Datto appliances have always implemented a check-in system which allows them to phone home to Datto’s central servers every 10 minutes. We updated that mechanism to check if the trusted root certificate on our private certificate authority was new and, if it was, have the device run a command to download the new certificate. This command would wait a random length of time before actually downloading the new certificate so that the distribution over time of devices hitting our certificate authority would be fairly smooth. This would allow us to push out a new trusted root certificate to our appliances without DDoSing ourselves.
Finally, we realized that even with the two changes described above, backups would still fail if the rollout of these certificates was not sequenced properly. If a backup agent was to receive the new trusted root certificate from our CA before the agent was updated, the backup appliance would reject any communications with the agent, and vice-versa. When you’re responsible for the business continuity of hundreds of thousands of end users in the event of ransomware or other disasters, failed backups are not an option. Our solution was to introduce a fallback mechanism on our backup appliances which ensures that backups cannot fail because of this certificate rollout.
With this solution we modified the software running on our back appliances to save all previous certificates received from our certificate authority as it downloaded new ones. We also modified the software to try all of these certificate sets in descending date order until one of the sets enabled the successful communication with a given agent!

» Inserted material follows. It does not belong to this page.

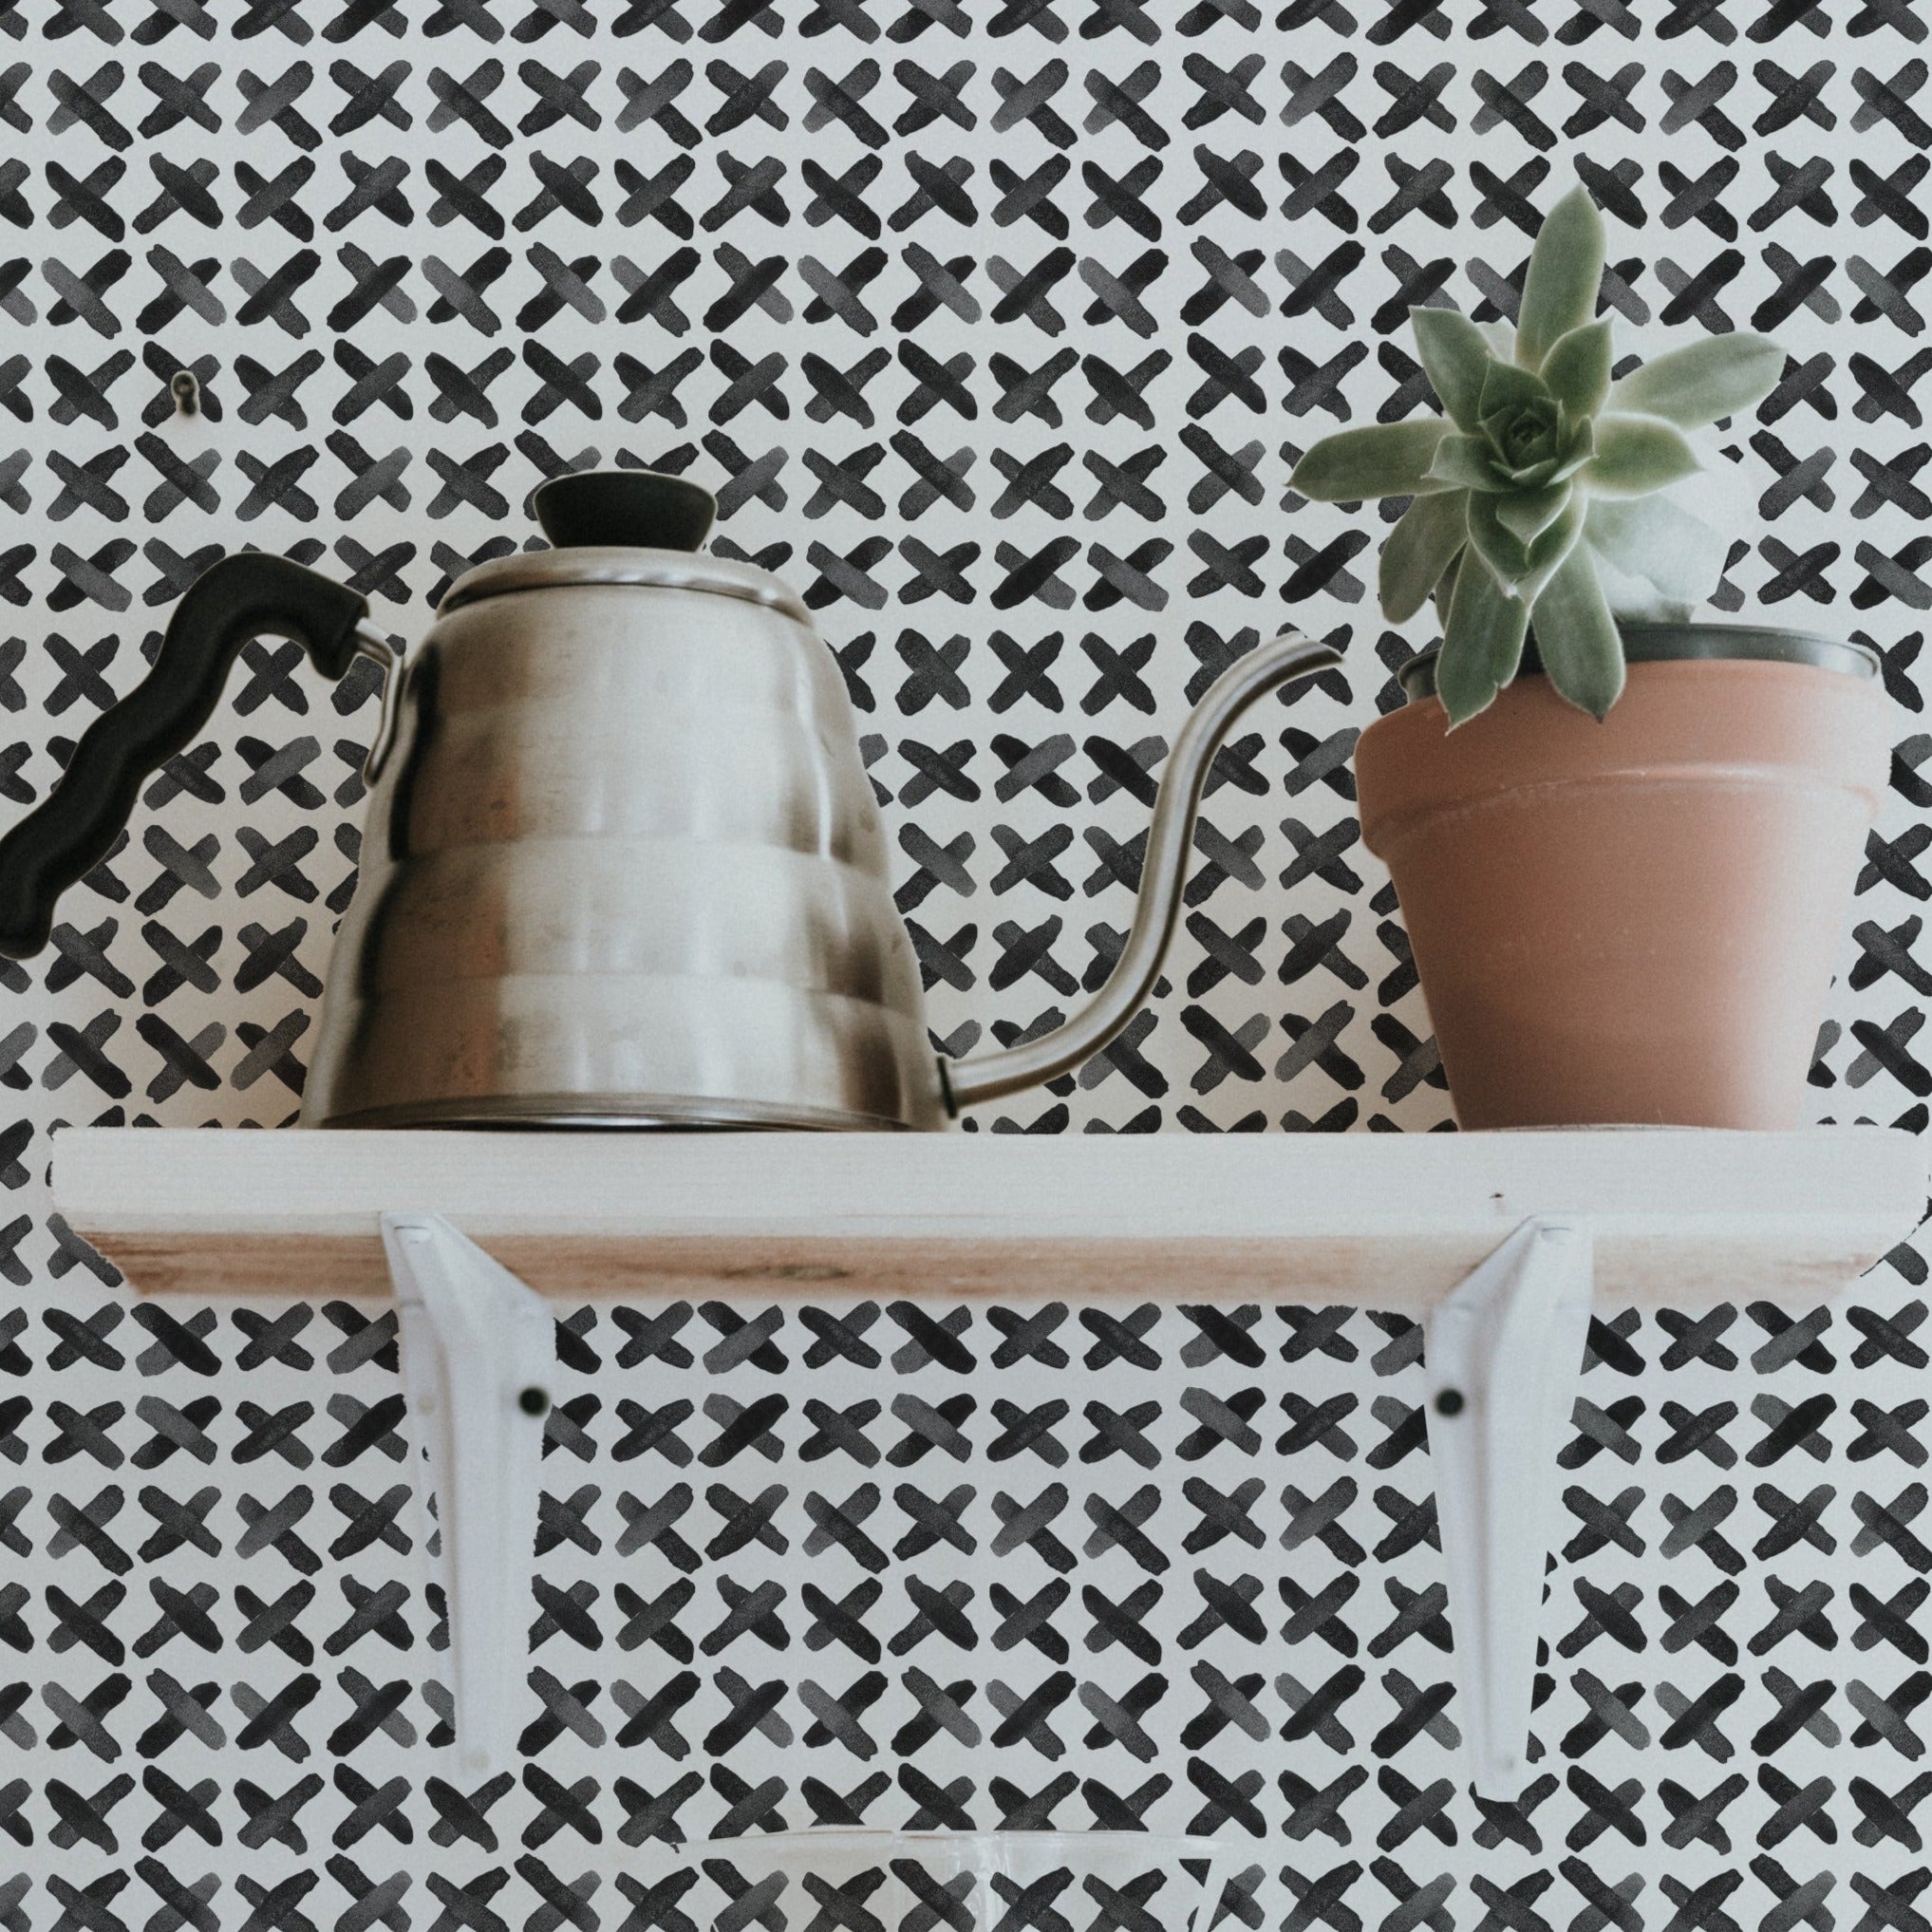 Decorative shelf against X Infinity Boho Wallpaper with black and white geometric pattern, displaying a vintage kettle and a potted succulent for a stylish home accent.

As part of this, we ensured that the cadence in which the agent checked for new certificates was much slower than the cadence that the backup device checked for new certificates and also released the new certificates to backup devices first. This ensured that our backup appliances would receive the new certificates first, that they would be able to utilize this new fallback mechanism in their communications to the agents, and that backups would not fail due to the certificate transition.
In order to ensure a successful transition to the updated certificate, it was critical that we monitor the rollout as it was proceeding. We accomplished this by having our backup devices report back to our cloud a variety of information, including an identifier representing the exact trusted root certificate the backup appliance had most recently received from the CA. Our devices also included a list of agents on that system that were falling back to the old certificate. This allowed us to quickly identify situations such as agents which could not update for one reason or another which, in turn, allowed our exceptional support team to reach out to partners who were responsible for these systems.
As early May approached, we closely monitored our analytics as the rollout of these certificates proceeded. Notwithstanding the fact that we had modified every single Datto backup appliance and every backup agent running on our customers’ servers, we measured no noticeable increase in either backup failure or support call volume. A risky operation that could have led to a disaster ended up with just kind of a shrug. And that is exactly the way we wanted it to happen. Go Datto!
The good news is that all of the work we accomplished over the last year will make the next transition even easier when our trusted root certificate expires once again!